Some definitions used in this document:
- beware
- The nickname of the author of this document.
- byte
- A unit of 8 bits of data.
- character
- char
- One byte, notated as a decimal number in the range 0-255 or a printable ascii character (example: 65, 'A')
- string
- Sequence of bytes
- parser
- The implementation which receives and processes the stream
- generate
- sending data which has not been received, as opposed to passing data on which has been received.
- TS
- "TimeStamp?". notation of a date+time. ascii decimal notation of the number of seconds, not counting leap seconds, since jan-1-1970, 00:00:00 UTC.
"must", "must not","should", "may" are as described in rfc2119. interpret "disallowed" as "must not".
Hexadecimal numbers in this document use pascal notation: a $ prefix. the number of hex digits (nibbles) represents the size of the data; for example a byte it anything between $00 and $ff.
"nick" without "num" or "numeric" refers to a nickname.

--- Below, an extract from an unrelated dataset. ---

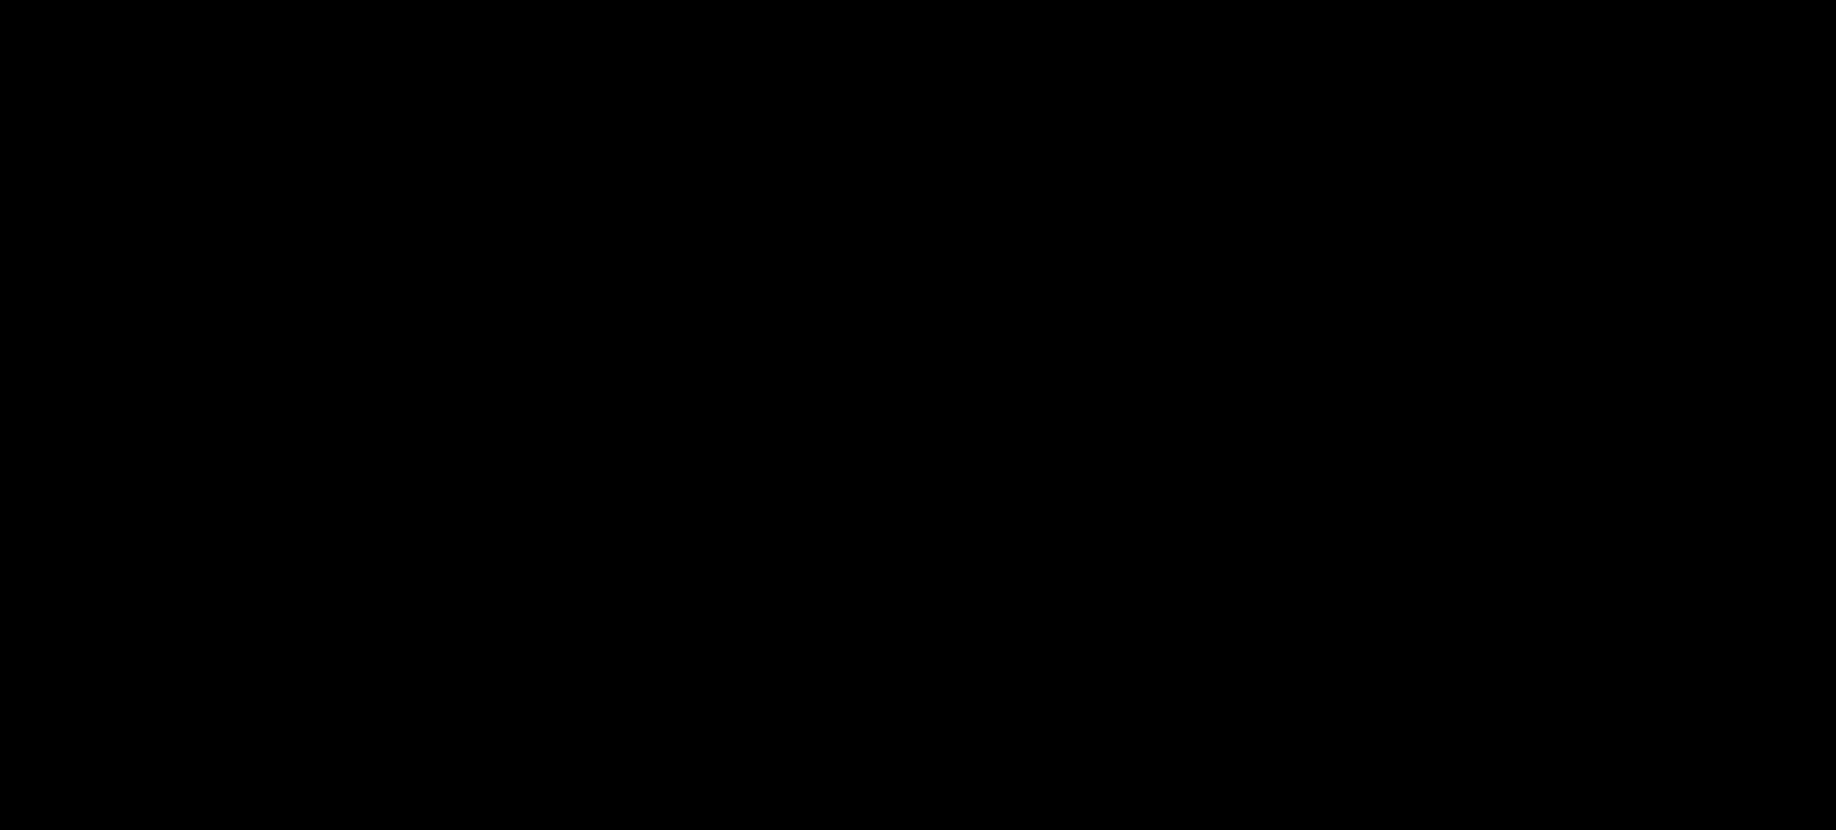 N-(2-(1H-Indol-3-yl)ethyl)-7-fluoro-4-oxo-4H-chromene-2-carboxamide

THE STREAM OF DATA, LINES, LINE TERMINATION
P10 is a "text" protocol. it is human readable/writeable.
- CR
- Carriage Return. character 13.
- LF
- Line Feed. character 10.
- CRLF
- <CR><LF>
- NULL
- Character 0.
- EOL
- End Of Line (line termination)
- Definition of the stream
-
<line><EOL><line><EOL> .... <garbage>
- Line termination (EOL)
- When sending, line termination may be be either <CRLF> or <LF>. It must not be anything else. The parser *must* accept <LF> and <CRLF> as line termination. it *may* accept any other sequence of <CR> and <LF> as EOL. It must not parse anything else as "line termination".
- line
- a sequence of characters, minimum length 1 byte, maximum length 510 bytes, *not* including the EOL. if a parser encounters a line with a length of 0 bytes, it must be silently ignored, and it must not do anything else. a line which is longer than the maximum length is disallowed.

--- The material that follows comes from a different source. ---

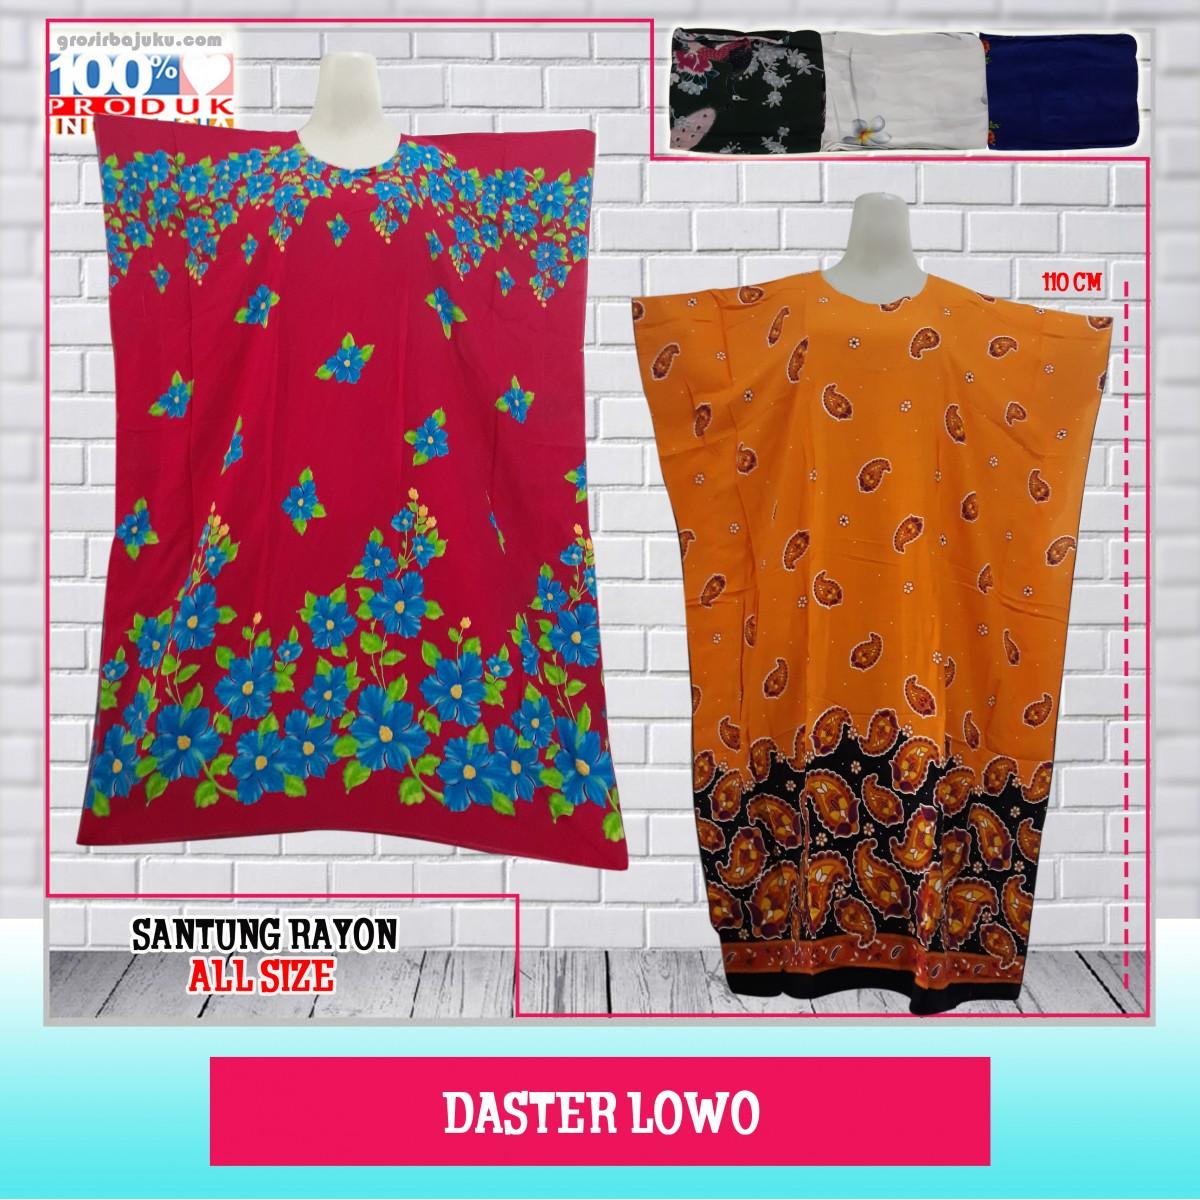 Obral Baju Daster Batik Murah 18ribu Obral Daster Lowo Murah

NULL, CR, and LF are disallowed in a line, any other character is allowed.
- NULL character note
- A parser can encounter a line which contains a NULL character. it *may* terminate the line at the first NULL character (remove anything after and including the first NULL character from the line).
- garbage
- Any data between the last EOL and the end of the stream. it must not be parsed as a line.
P10 BASE64
P10 protocol uses a base64 notation for numeric nicks, and for the IP parameter in the N token. it uses the following set of 64 characters, in the sequence from 0 to 63:
ABCDEFGHIJKLMNOPQRSTUVWXYZabcdefghijklmnopqrstuvwxyz0123456789[]

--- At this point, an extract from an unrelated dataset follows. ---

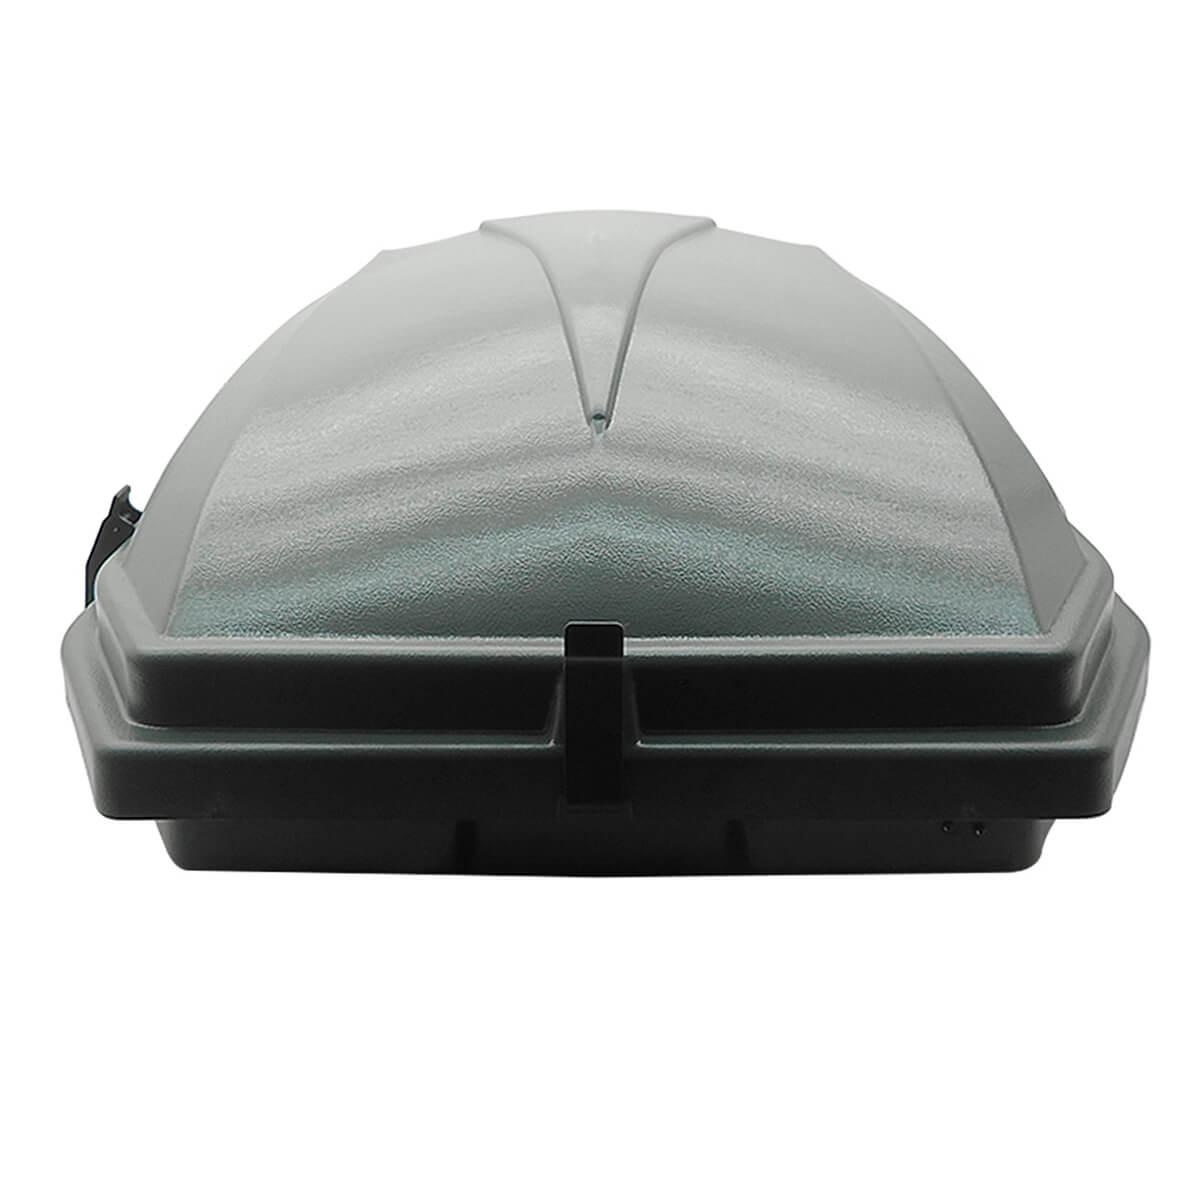 Bagageiro de teto maleiro com chave 270 litros cinza

They are from now referred to as the P10 base64 characters.
a P10 base64 string is a sequence of P10 base64 characters, with a minimum length of 1 character. it must not contain any other character. if the string has a length of more than one character, the string begins with the most significant character and ends with the least significant character.
note P10 base64 strings are case significant. whenever this document mentions "base64", read it as "P10 base64".
NUMERIC NICKS
P10 uses "numeric nicks" to identify users and servers on the network, as opposed to names. the numeric is a base64 string or 2 concatenated base64 strings.
- a server numeric is 2 base64 characters; there can be a maximum of 4096 servers on the network:
AA (0), AB (1), ... ]] (4095).
- a client numeric is a server numeric + the number of the client on that server. a total of 5 base64 chars. for example ABAAC is client #2 (AAC) on server #1 (AB). one server can have a maximum of 262144 clients.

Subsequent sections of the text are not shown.